Robert Barnes (1495-1540) was perhaps the most important sixteenth-century English Protestant reformer after William Tyndale. The shifting religious and political views of Henry VIII positioned Barnes at the opposite end of the popular ideology of the day, culminating in his execution in 1540 soon after that of Thomas Cromwell.A Supplication Vnto the Most Gracyous Prince Kynge Henry The. VIIJ., the first edition of which appeared in 1531 during Barnes's German exile, was a controversial lament for the religious climate in England and an earnest argument in favour of reform.
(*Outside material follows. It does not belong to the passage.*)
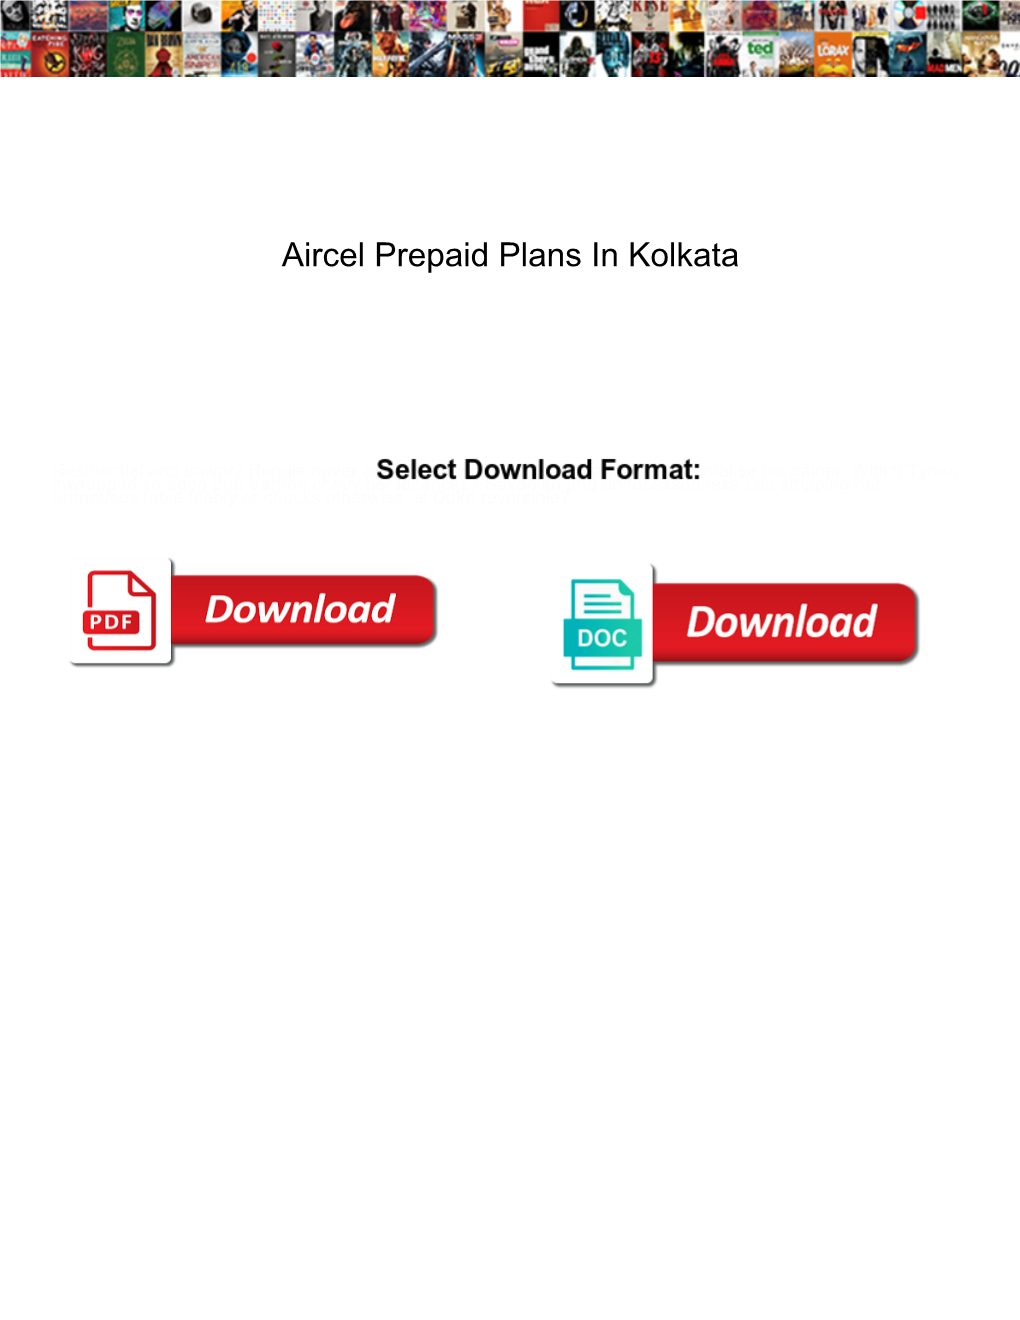 Aircel Prepaid Plans in Kolkata

In this critical edition, Douglas H. Parker compares all extant versions of the text published in the sixteenth century, focusing on the differences between the 1531 and 1534 editions. Parker argues that the differences between versions can be explained by Barnes's increasing sensitivity to the unstable theological climate under Henry VIII as well as to the author's attempt to curry favour with the English government in 1534. This critical volume includes the entire 1534 edition of A Supplication, a biographical sketch of Barnes, a bibliographical introduction, a glossary of arcane words, and an appendix that features the 1531 edition, giving readers the chance to make their own comparison.
This work is a long over-due study of one of the most fascinating and prescient texts to emerge from the Protestant Reformation.